The main difference between those alternatives and Hadoop is that Hadoop is more geared to parallel aggregation of large distributed file systems rather then being a generic job execution framework. On the other hand most of the Grid frameworks that I mentioned are geared toward batch execution rather then synchronous aggregated execution. GridGain is a relatively new and interesting player in that space that seem to compete more with the Hadoop model then with the classic batch processing grid providers and since it is java based it brings some of the simplicity and code distribution benefits that exist with other java based solution.
Having said all that the requirements that you mentioned indicate some of the limitations of having a specialized framework such as Hadoop narrowed to specific scenario. If you want to do something slightly different such as parallel batch job as appose to parallel aggregated job you probably need to use a totally different solution.

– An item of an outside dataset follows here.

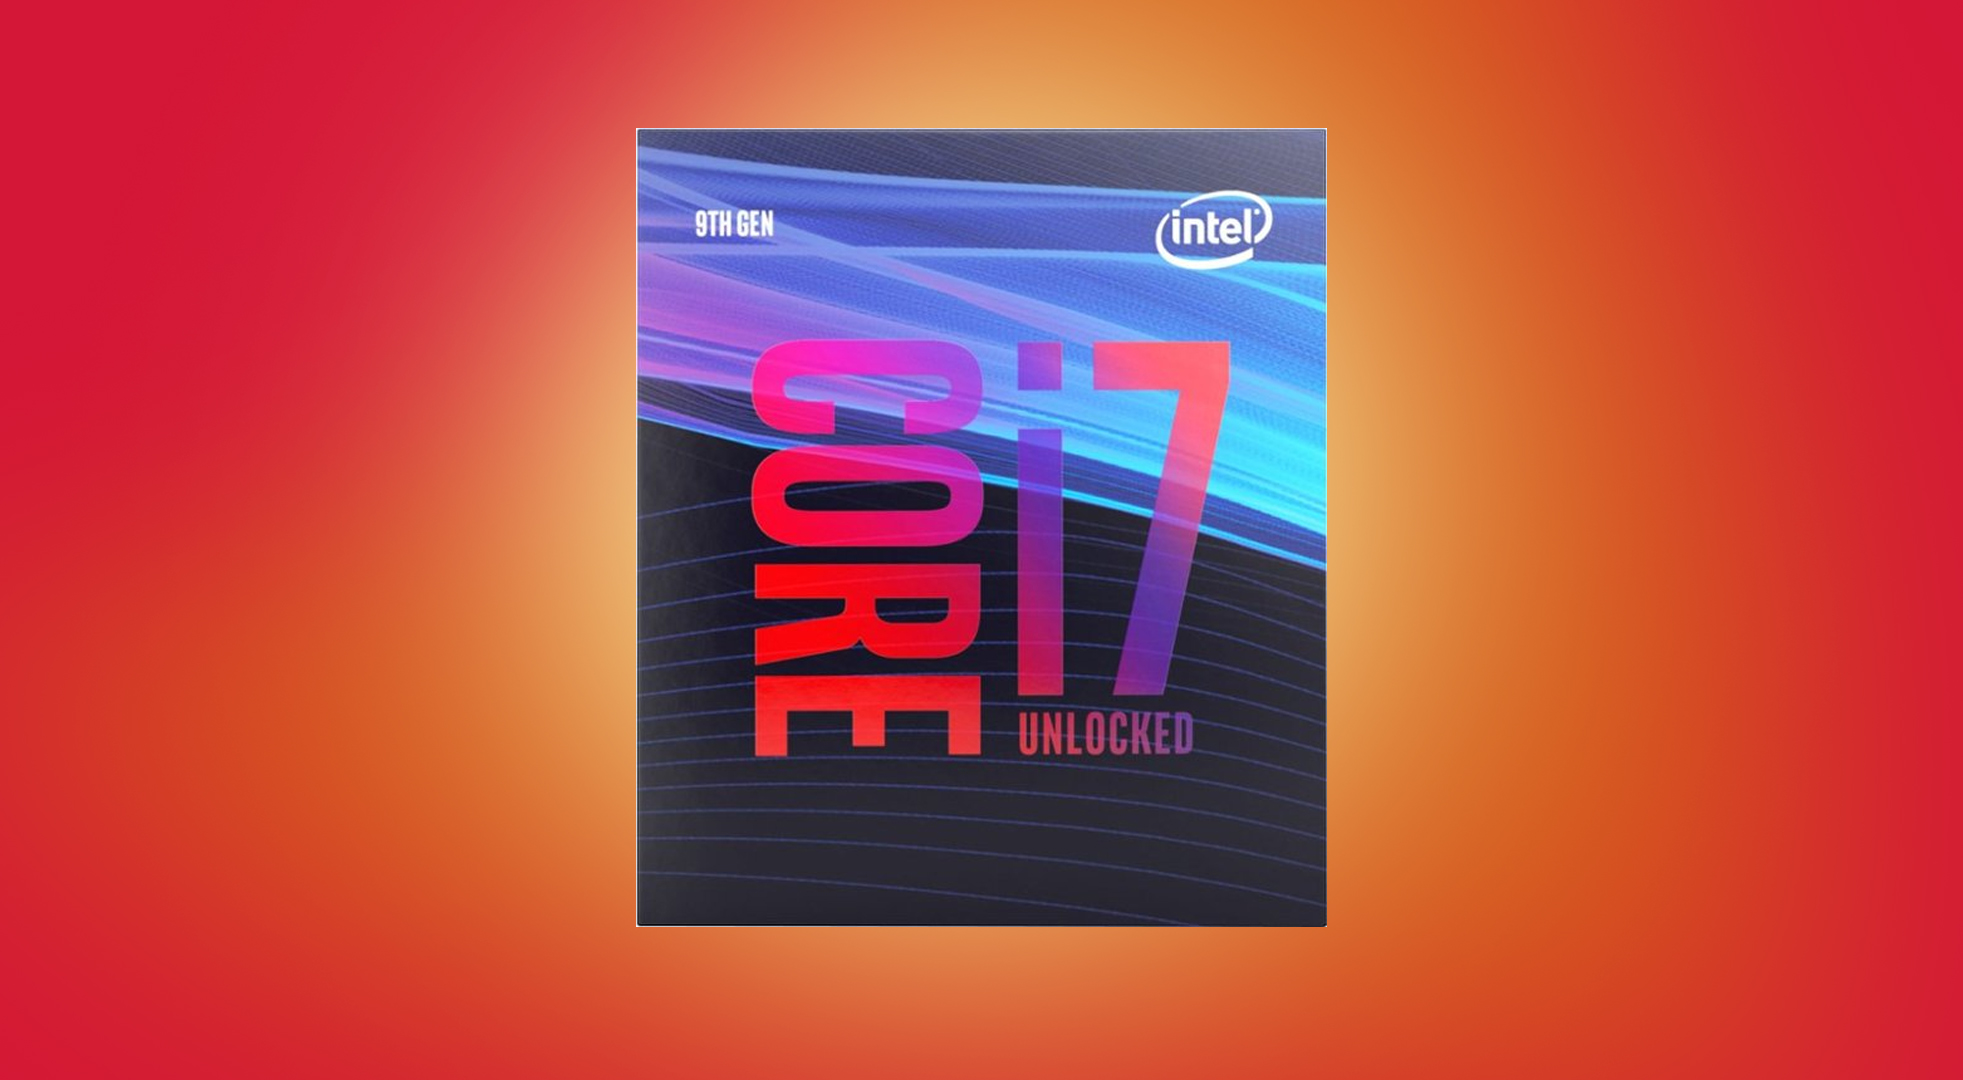 Intel i7 9700K CPU Discounted 17% Through Buy | Tom's Hardware

One of the nice things with Space model is that you can easily use it to address both scenarios. We extended the JavaSpace model and beyond the API abstraction that I mentioned earlier we added support for monitoring and the ability to support both asynchronous batch processing or synchronous aggregated operations where you write set of tasks in parallel and block for the immediate results in similar to the way you would do it with Hadoop(See a reference here: http://wiki.gigaspaces.com/display/GS66/OpenSpaces+Core+Component+-+E... s). Since we use the space as the data layer and execution layer you get data affinity pretty much built into the model i.e. you can decide to route the task to where the data is and save the overhead associated with moving of that data or accessing it over the network. We also provide built in support for executing Groovy, JRuby and other dynamic languages tasks which gives another dynamic capabilities. One of the common use case is using dynamic languages as a new form of stored procedure (in away you can think of SQL as a specialized case of dynamic language as well). And the nice things that it all runs in EC2 today.

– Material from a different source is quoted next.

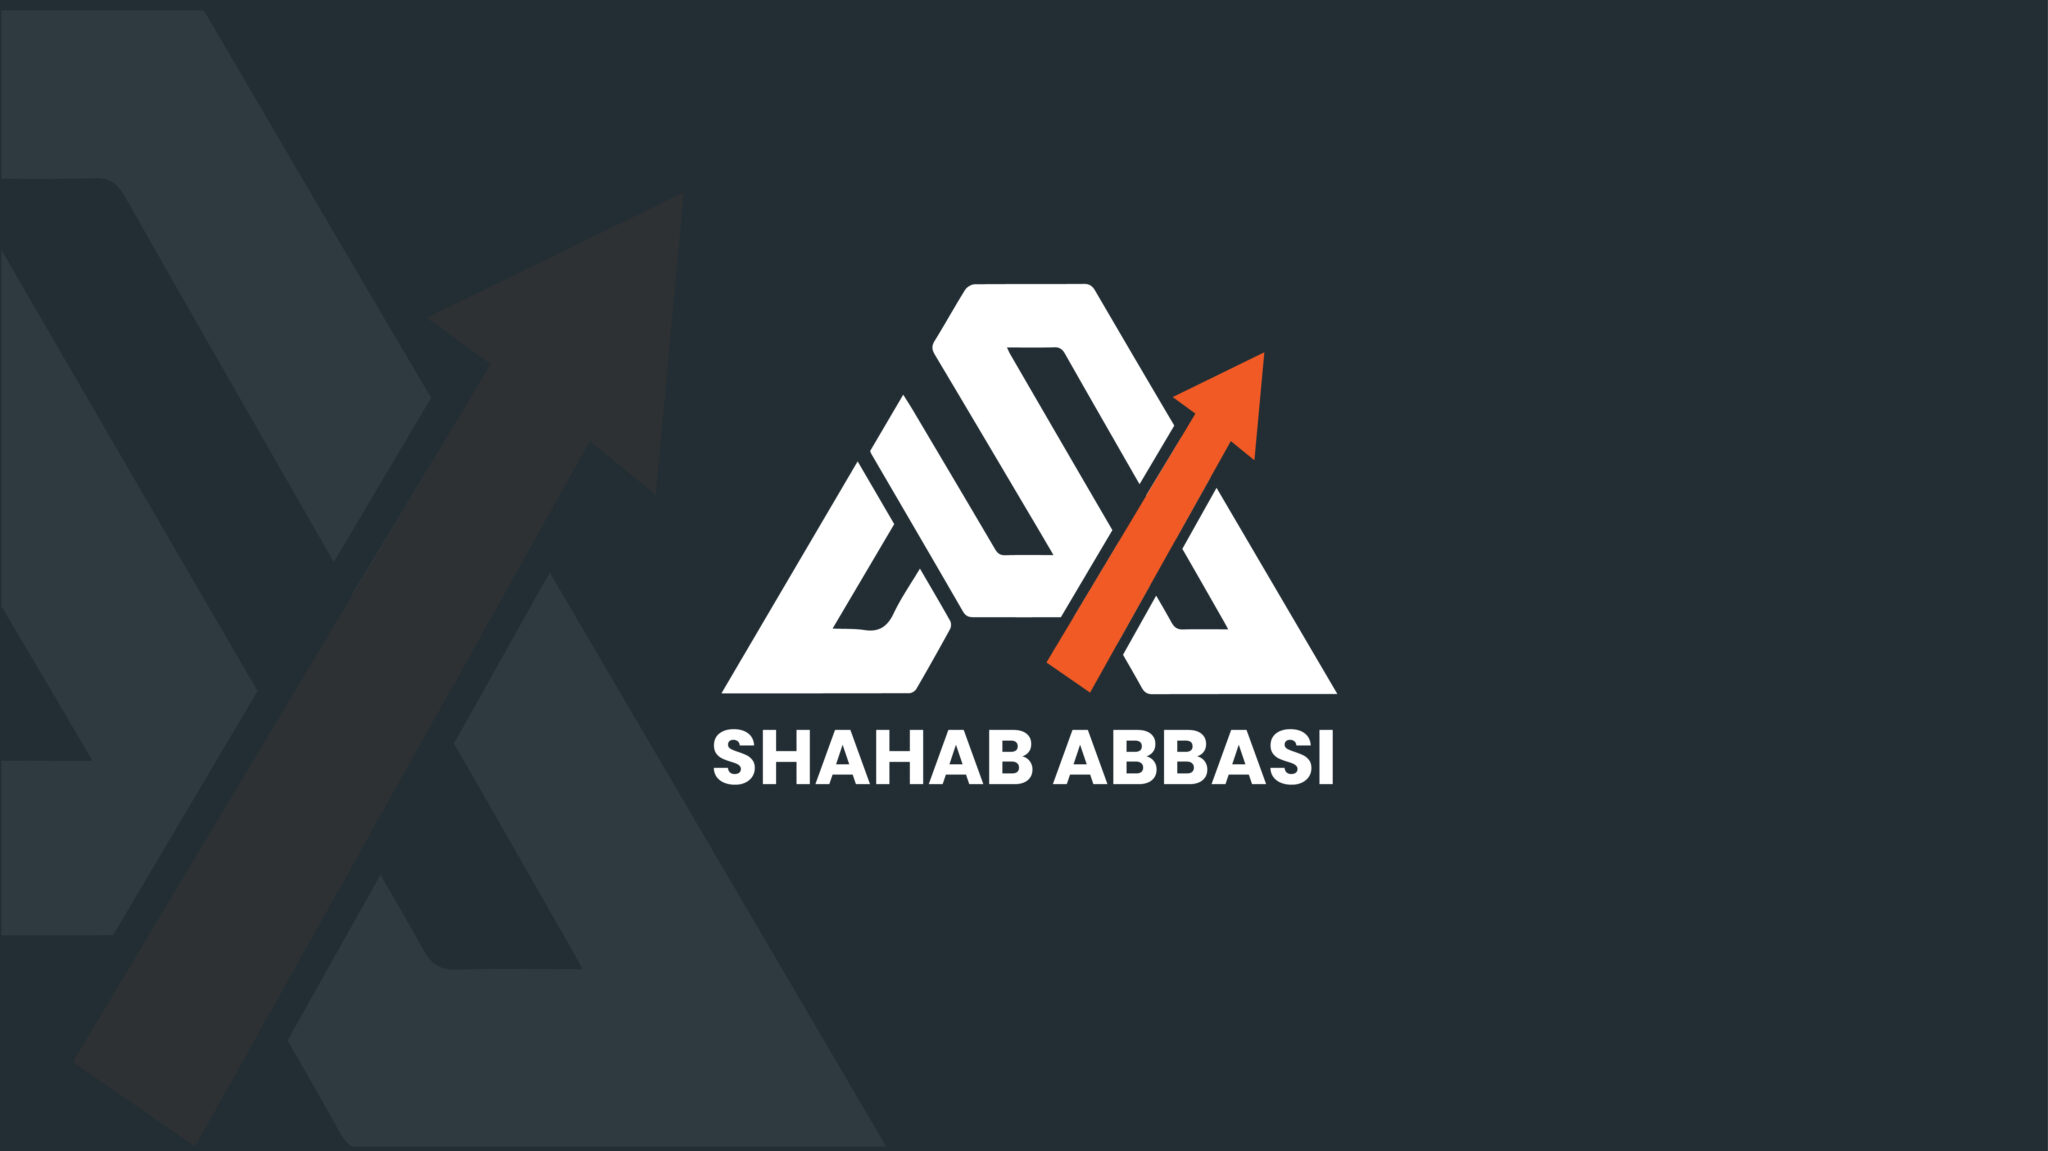 ShahabAbbasi logo

[mailto:cloud-computing@googlegroups.com] On Behalf Of Paco NATHAN Sent: Tuesday, September 02, 2008 5:48 AM To: cloud-computing@googlegroups.com Subject: Re: Is Map/Reduce going mainstream?

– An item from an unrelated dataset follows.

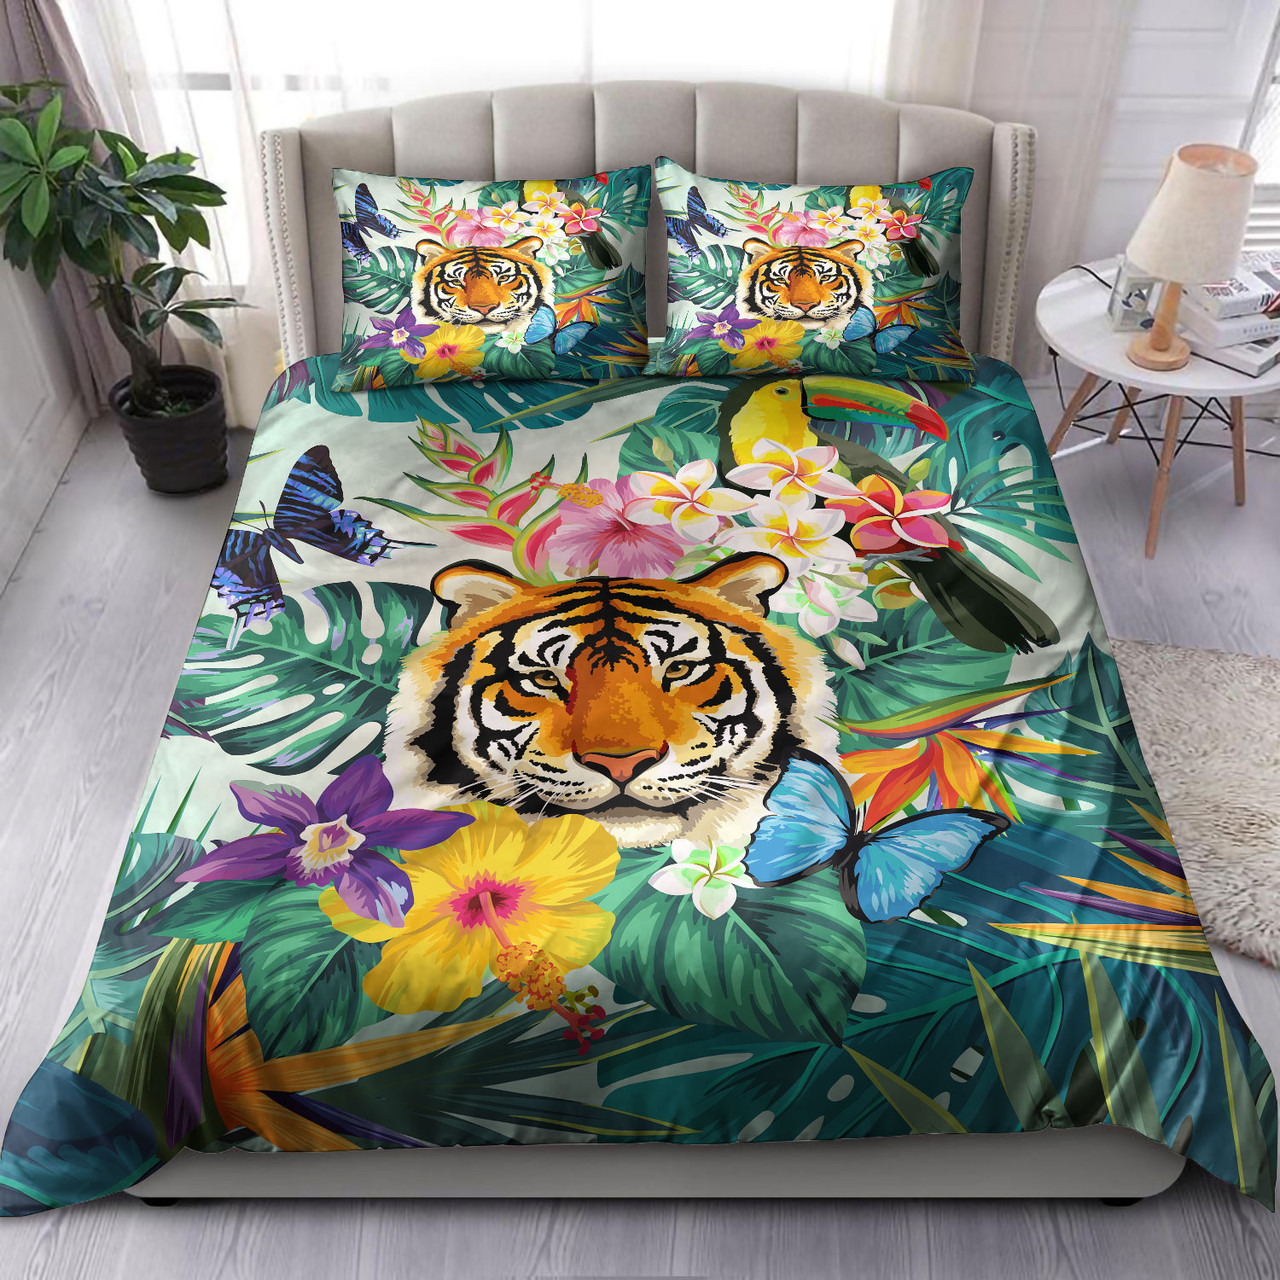 Polynesian Bedding Set - Tiger Tropical Life Summer Vibes Bedding Set

For example, you may have large Hadoop jobs as important batch processes which are best to run on elastic resources. What framework gets used to launch and monitor those resources, then pull back results after the job has completed? Can I specify to that framework some tagged build from my SVN repository? How about data which fits best in a distributed cache, not in HDFS?
If the batch process is critical to my business, how do I automated it - like in a crontab? As far as I can tell, none of the cloud providers address this kind of requirement. Hadoop does not include those kinds of features.
From what I can see, RightScale probably comes closest to providing services in that area.
Paco
On Mon, Sep 1, 2008 at 8:30 PM, <natisha...@gmail.com> wrote:
> 3. An executor interface that enables you to "ship" code to a cluster > of machines and execute that code in parallel.